Although JOG vehemently denies it, he stands accused not only of visiting Escobar on a regular basis while the drug kingpin was “imprisoned” in the infamous Catedral (a sort of playground prison built by Escobar himself), but also of receiving campaign donations from “El Patron del Mal”.

Roberto “El Osito” Escobar (Pablo´s brother) has even claimed he had worked with JOG, but later retracted the statement.

JOG´s defence has been that it is all heresay – often promoted by those on the far left attempting to divert attention from their own questionable relationships with “armed illegal groups”.  He claims – understandably enough – that he cannot be blamed for the sins of his family. Nothing has stuck, says JOG. Innocent until proven guilty.

Colombia Politics cannot claim to know more about JOG than anyone else. The editor has met Señor Gaviria on two occasions and found him to be not unpleasant, polite even. What we think about the evidence against him is largely irrelevant, and we would encourage caution ahead of wrongful public conviction.

But politically the point is not whether JOG did or didn´t have relations with Escobar, as Clinton might have said, but rather the effect these accusations and his presence on the list will have on Uribe´s bid to return to the stage.

Uribe himself is unbeatable. Millions still credit him with saving Colombia from the abyss. When the hardline former Governor of Antioquia came to power in 2002, the FARC had a presence in 50% of the nation´s municipalities. By the time he had left, the terrorist group had been pushed back into their mountain hideouts.

Despite this popularity, however, there are many who consider Uribe to be tainted by alleged links to Colombia´s right wing paramilitary groups. Since leaving office, accusations of shady dealings have increased and the bespectacled polemicist even faces trial in his home city, Medellin.

No smoking gun has emerged, and Uribe continues to deny any links to these groups. Accused does not mean guilty.

But again, whether or not Uribe did does or ever had any links to these illegal groups is not the issue here. Politics is about perceptions. Ok, so no mud has stuck, and no flames have yet been identified, but Uribe needs like a hole in the head someone around whom there is already plenty of smoke.
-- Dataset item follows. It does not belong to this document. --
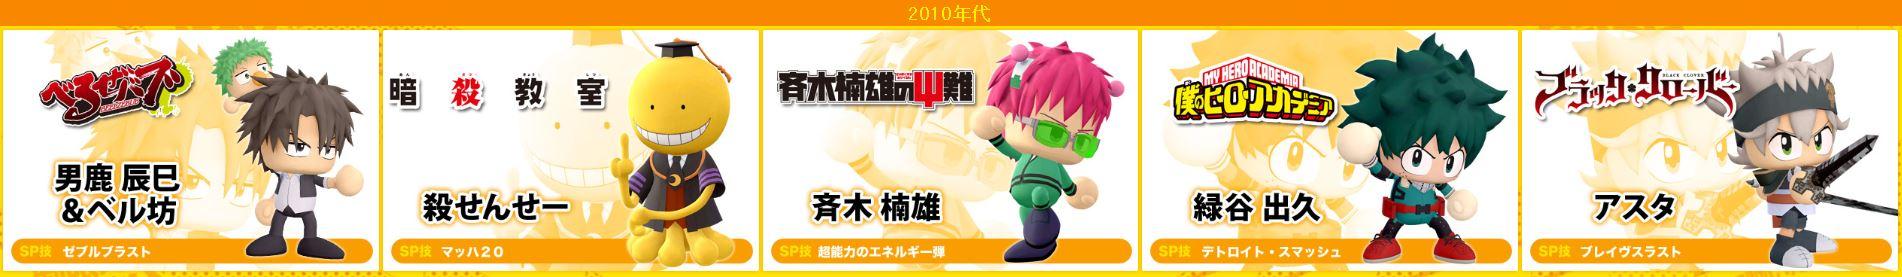 Weekly Shonen Jump: Jikkyou Janjan Stadium – Pre

Unfortunately for Jose Obdulio Gaviria he has the potential to remind Colombians of a past they wish to forget.

For many Colombians the insinuations about Uribe´s background are enough; they will never vote for him in a million years.
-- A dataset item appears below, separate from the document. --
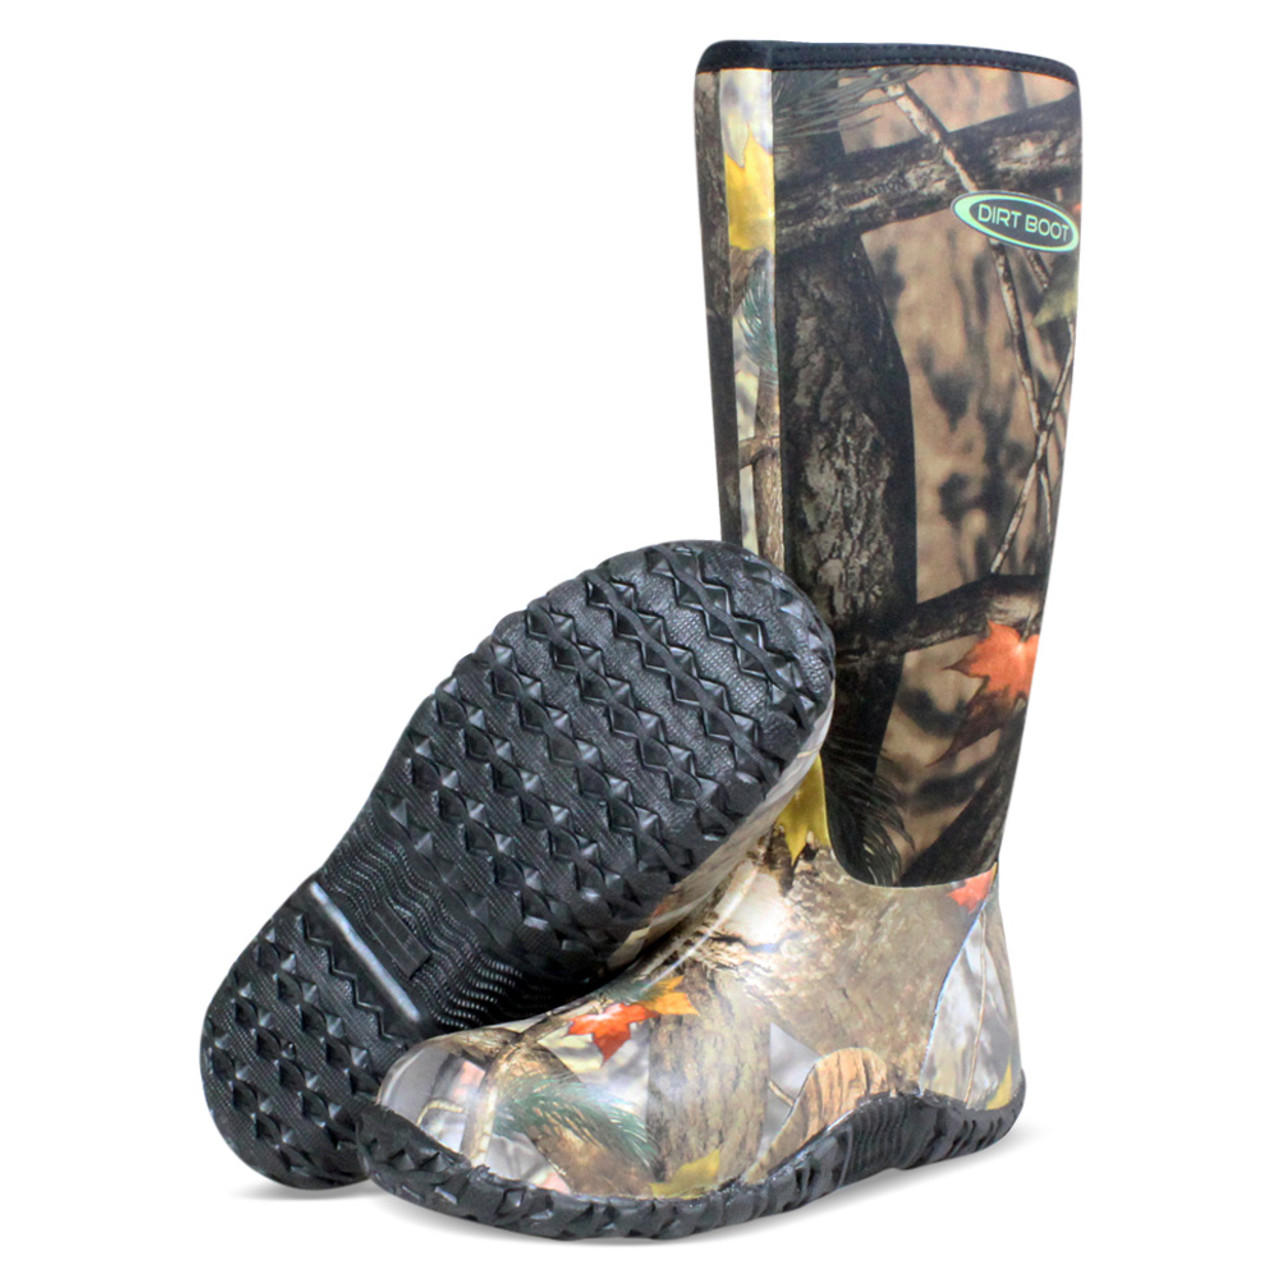 Dirt Boot® Neoprene Wellington Sock Fishing Hunting Muck Socks Camo

But for many millions who have been willing to give him the benefit of the doubt, for those who remember fondly his time in office – or begrudgingly accept that the ends justified the means – will the thought of JOG in the Senate be just enough to turn them off, to look elsewhere to mark their X?

From now until March political opponents will run relentless campaigns linking JOG to Escobar. It is all we will hear. In politics they say the worst crime is to let the opposition define you. Well, Uribe has made President Santos´life a whole lot easier in doing just that.

Uribe himself might not be dead in the water. The political suicide I´m referring to is not his own, but of his movement.

Why hamstring the changes of winning those 20 senators, or more?

Why hamstring your presidential candidate, Pacho Santos?

Why let your opponents drown out your arguments?

Politics is a ruthless game. Uribe claims JOG is on the list out of loyalty. Fine, admirable even, but loyalty is useless in defeat.

Politics is also the art of the possible. To make your job more difficult – or less possible – is to shoot yourself in the foot.

Suicide? Perhaps not, but if the Centro Democratico movement fails to get on its feet, Uribe will only have himself to blame.